By: Michael Holden
Over the past few weeks, countless articles have been written about the question of whether or not Canada is suffering from Dutch Disease—an economic affliction by which large-scale development and export of natural resources drives up the value of the domestic currency and thus erodes the international competitiveness of the country’s manufacturing sector.
The issue first captured public attention during a brief but public spat between Alberta Premier Alison Redford and Ontario Premier Dalton McGuinty, but began to dominate headlines when NDP leader Thomas Mulcair took up the cause. The ensuing debate has been regionally divisive and largely unproductive. To the extent that it implies that growth in one part of Canada is coming at the expense of prosperity elsewhere, it is a recipe for disaster from a nation-building standpoint.
Is Canada a victim of Dutch Disease? While there is some debate on the matter, a number of recent studies suggest that there is at least some evidence to support the idea. But a review of the data shows that, even if oil sands activity is driving up the dollar and harming the export competitiveness of eastern manufacturers, it is only a small part of the problem.

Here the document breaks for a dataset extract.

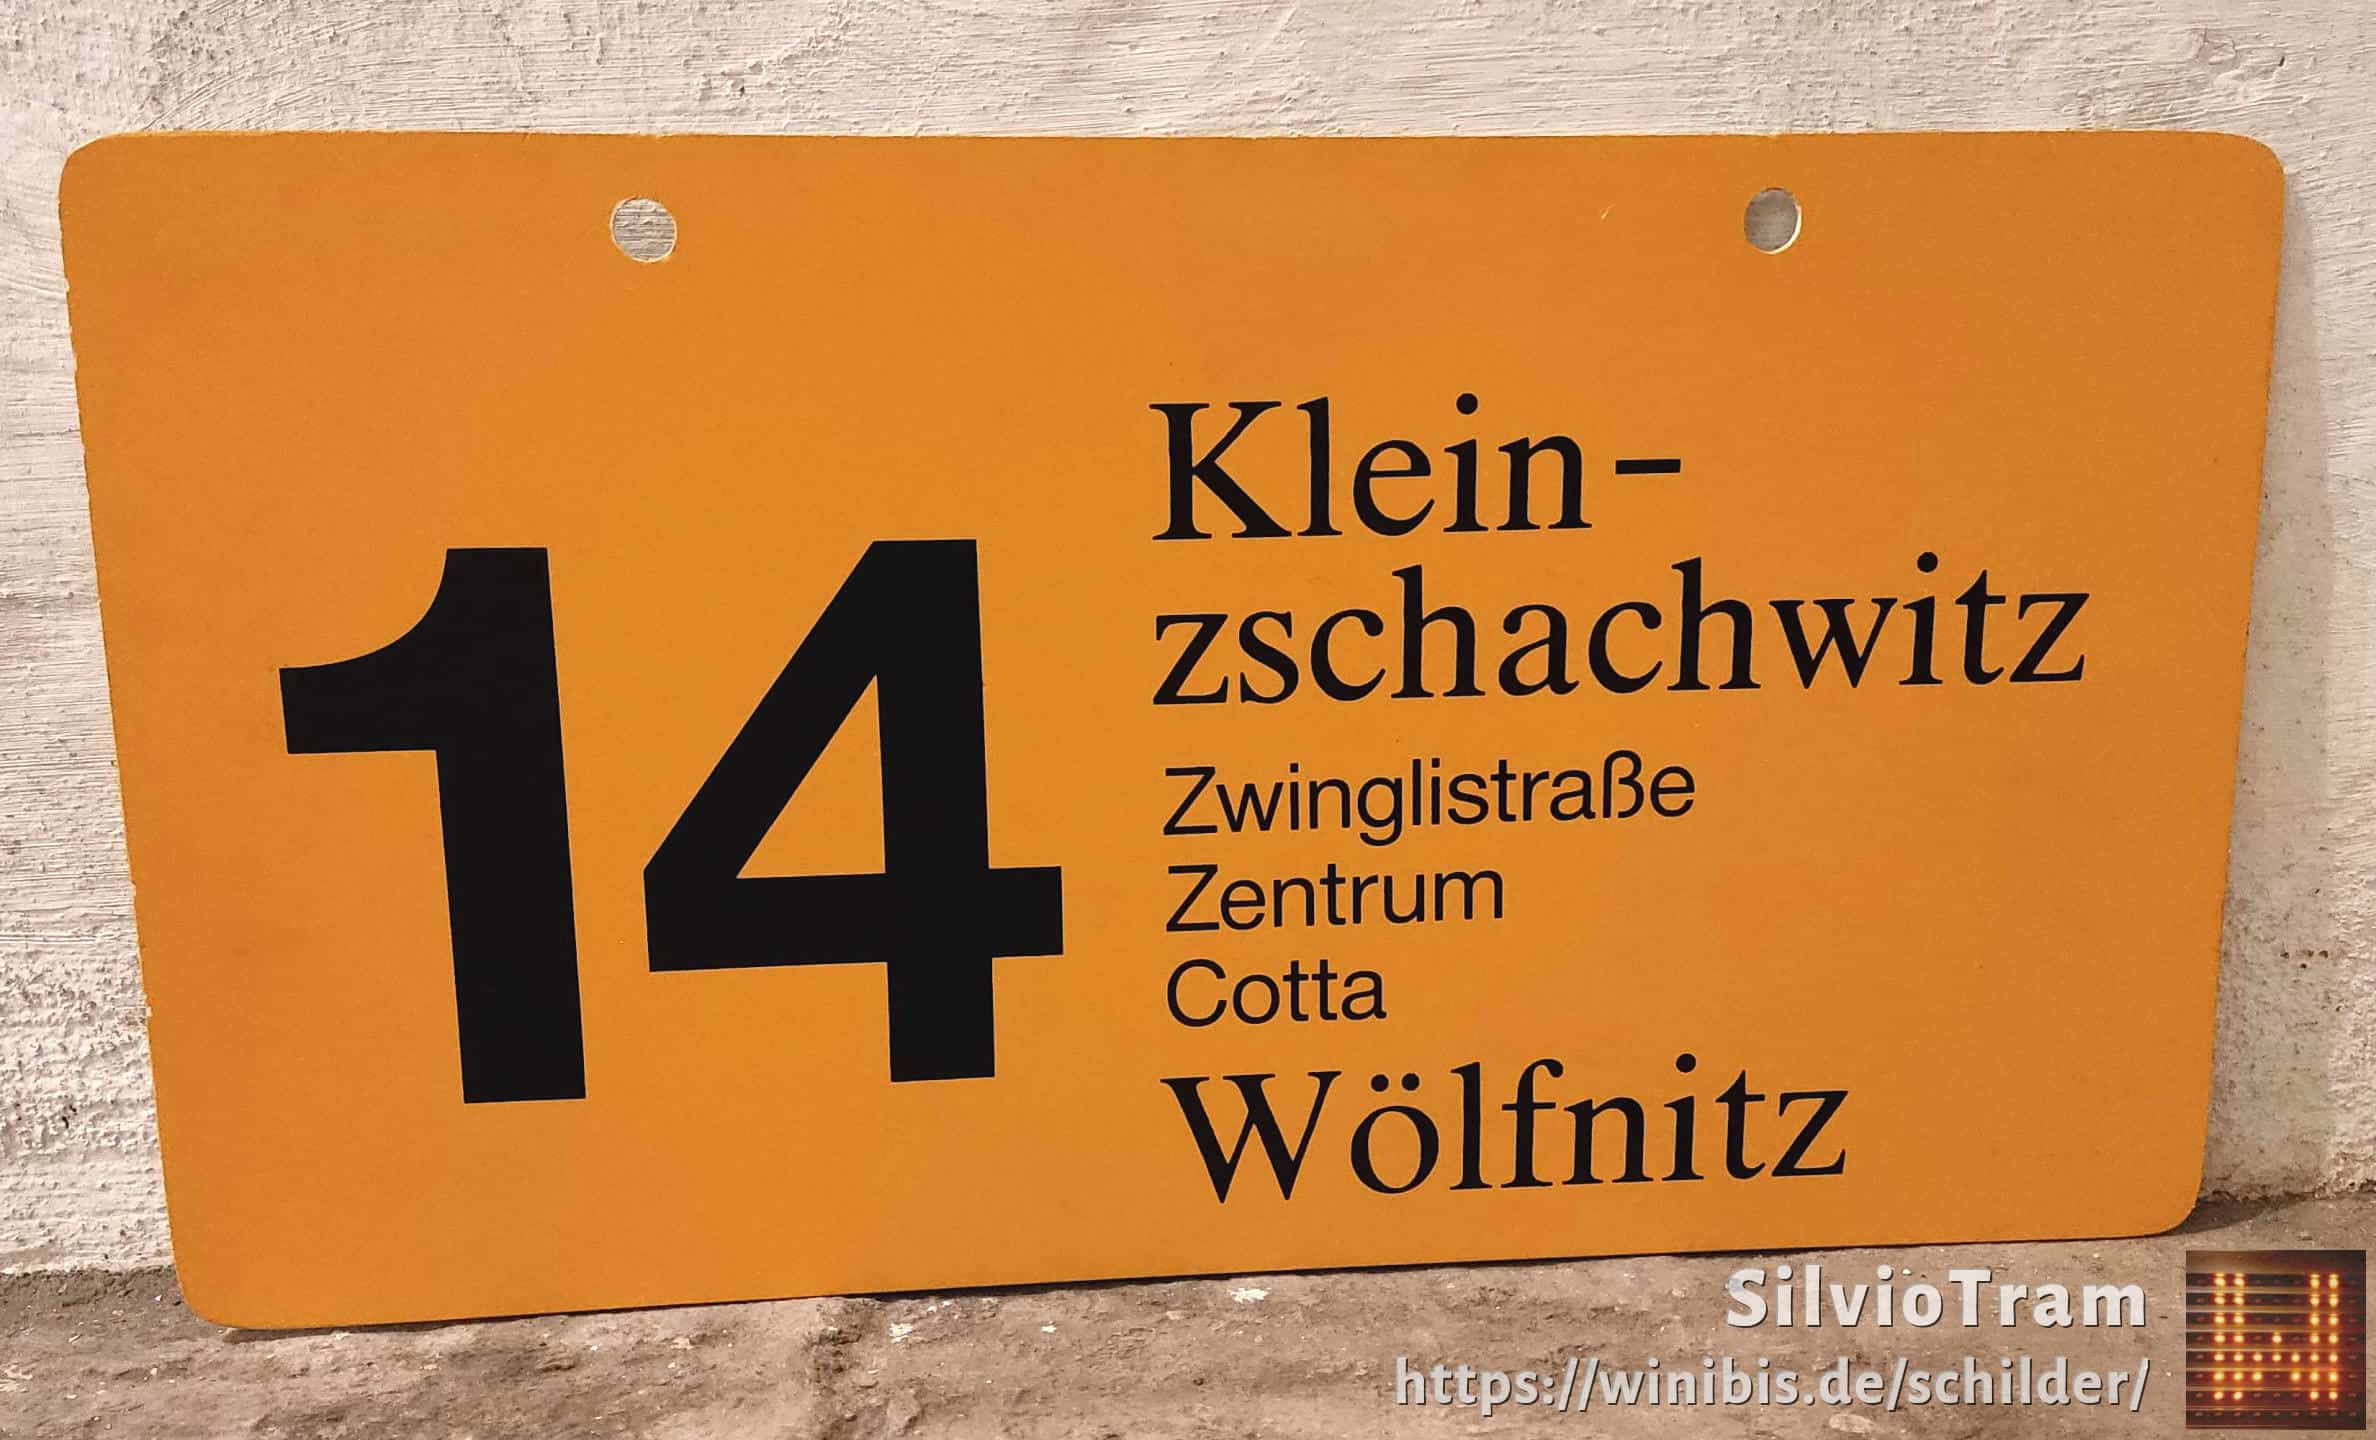 Ein seltenes Straßenbahn-Linienschild aus Dresden der Linie 14 von Kleinnach zschachwitz nach Wölfnitz #3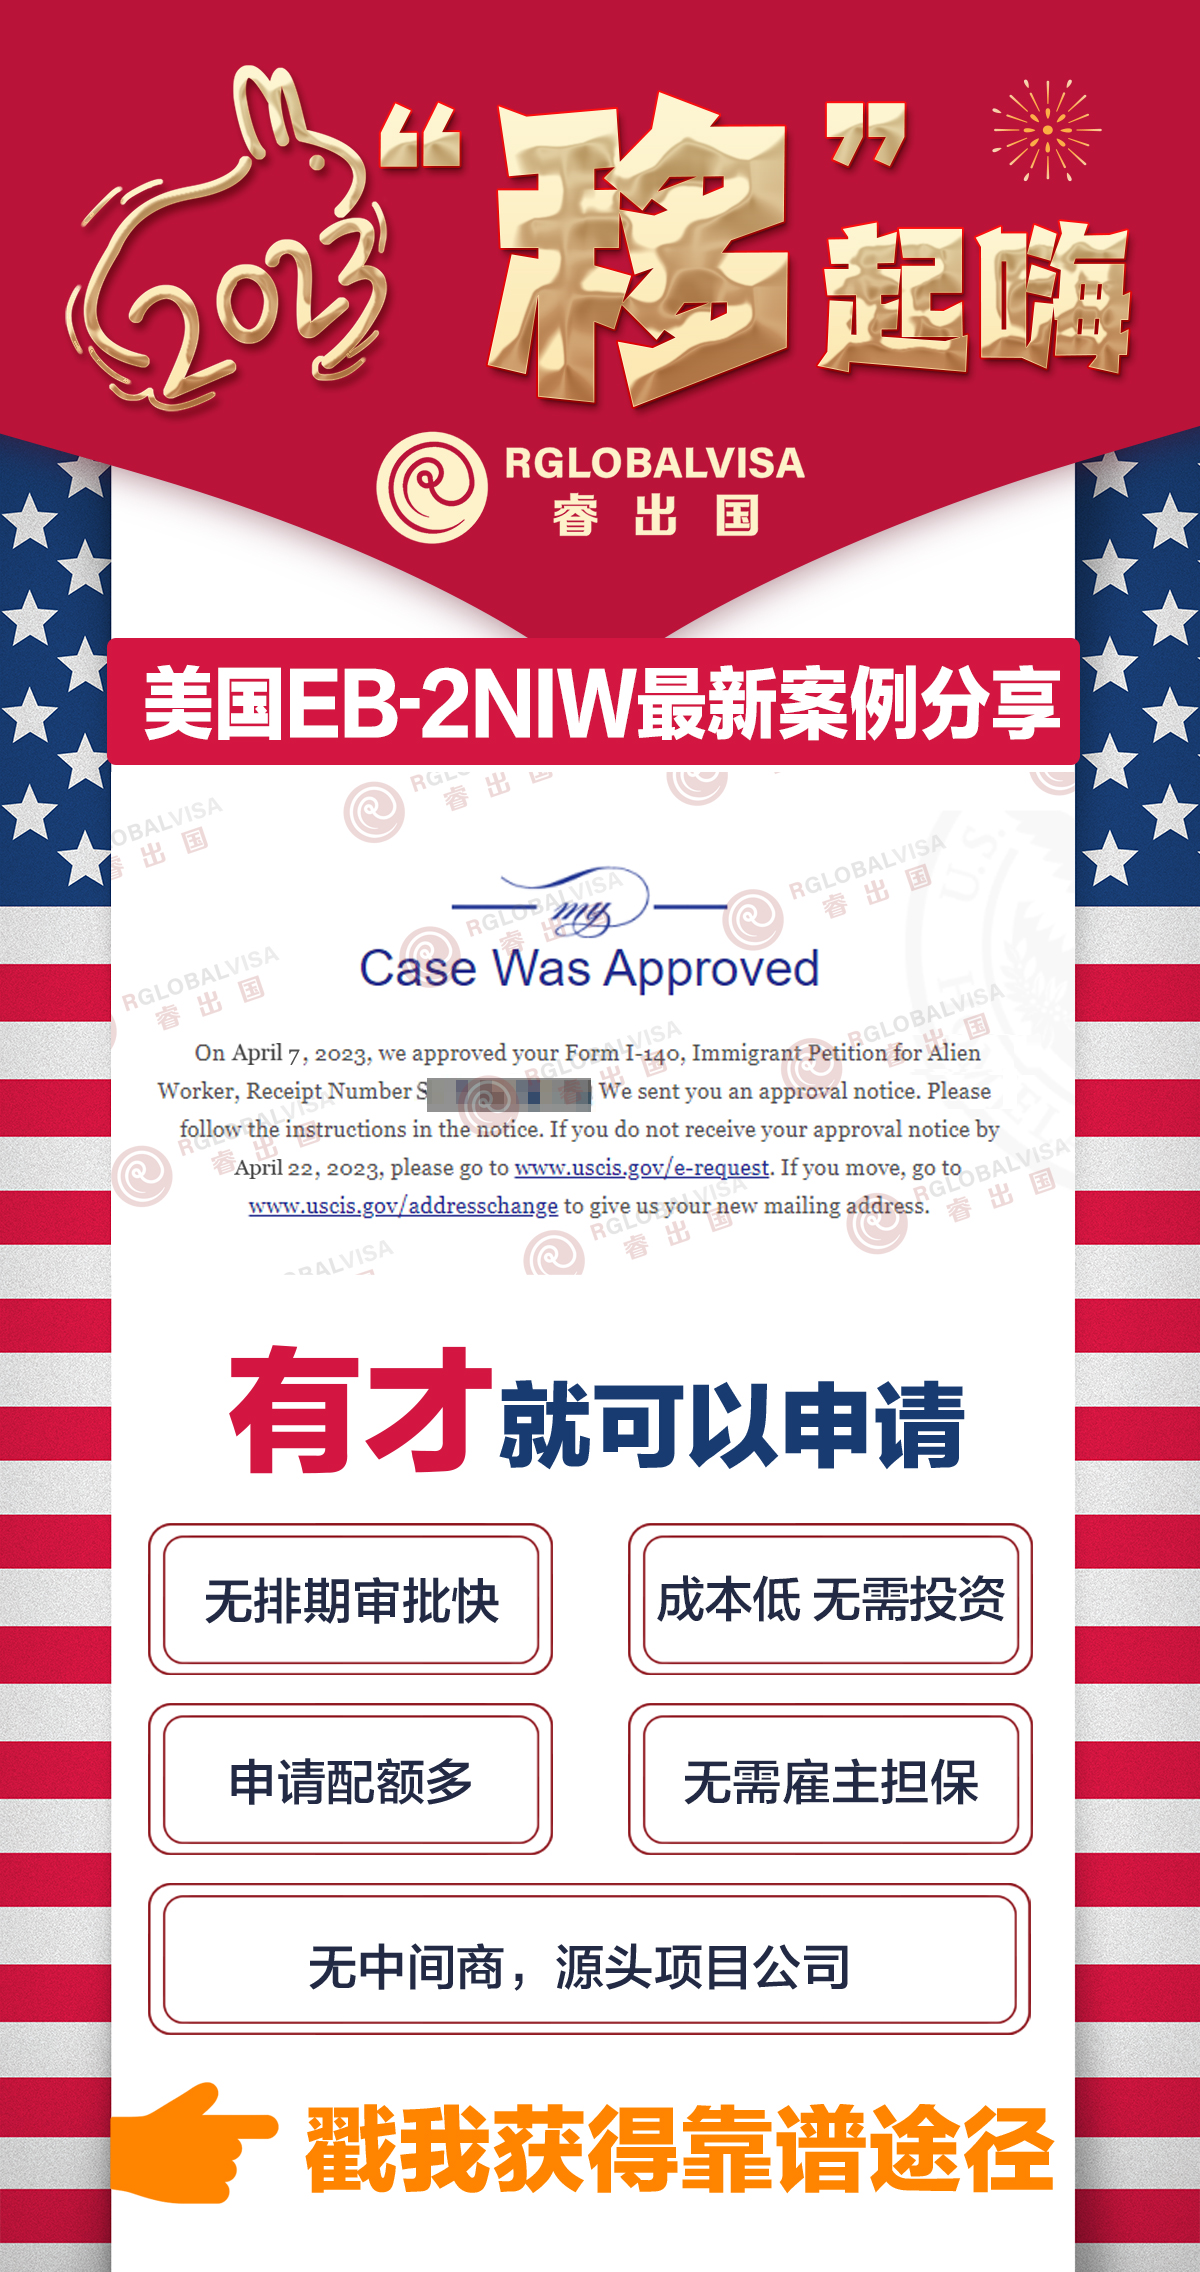 恭喜美国EB-2NIW国家豁免项目

To begin with, there should be no doubt that much of the Dutch Disease story rings true in Canada. Thanks to booming oil production and exports, the Canadian dollar has become, at least in part, a petro-currency. As Figure 1 shows, the Canada-US exchange rate began in the early 2000s to mirror movements in international oil prices. This is not to suggest that the price of oil is the only factor that influences the dollar, or that the same effect can be seen versus other currencies. Nevertheless, a clear relationship now exists between oil prices and the Canada-US exchange rate.
Similarly, there is also a clear relationship between the Canadian dollar and the relative health of the manufacturing sector in Ontario (Figure 2). Since the late 1970s, employment in manufacturing has tended to move in the opposite direction of the loonie. This trend is a natural result of Ontario’s heavy dependence on the US market. When the dollar goes up, manufactured goods from Ontario (and elsewhere in Canada) become more expensive in the US, so demand for those products falls and manufacturing activity north of the border slows as a result. When the dollar weakens, Canadian goods become relatively cheap, US demand for them increases and production activity increases. It is no coincidence that Ontario’s peak levels of employment in manufacturing were in the early 2000s, when the dollar was at historic lows.
But is that all there is to it? Are Ontario’s manufacturing woes the result of oil sands activity and is a lower dollar the solution to the problem?
To answer these questions, it is instructive to compare the performance of manufacturing in Canada with that of the US. Using 1990 as a starting point, Figure 3 shows that, at least from an employment perspective, Canada has outperformed the US over the past 20-plus years. Of course, the term “outperformed” is essentially damning with faint praise. In April 2012, Canadian employment in manufacturing was about 13% below 1990 levels while in the US it was nearly 33% lower.
Looking at such a long time horizon captures long-term trends, but it also glosses over the run-up in the Canadian dollar in recent years. From 2002 to 2011, the dollar rose from an average of 63.7 cents US to US$1.01. How did manufacturing employment in Canada and the US compare over that period? As it turns out, they were almost identical; employment levels in both countries dropped by 23%.
In other words, even though the Canadian dollar rose by 59% in nine years, the US manufacturing sector performed just as badly (in terms of employment levels) as the Canadian sector over that period.
Why? The reasons are complex and varied, but the two most obvious contributors are low-cost competition from China, Vietnam, Indonesia and other Asian markets; and the impact of the global financial and economic crisis. The former has been eroding the manufacturing base in North America, while the latter has undercut domestic demand for the goods produced here. The solutions to these challenges are not easy, but most agree that they are found in innovation, productivity gains and a rebound in consumer confidence.
Oil sands activity and high oil prices have undoubtedly contributed to a higher Canadian dollar. And this hasn’t made life any easier for Ontario manufacturers. But the dollar is clearly not the main problem and treating national economic activity as a zero-sum game, where growth in one region must come at the expense of growth in another, is not the solution.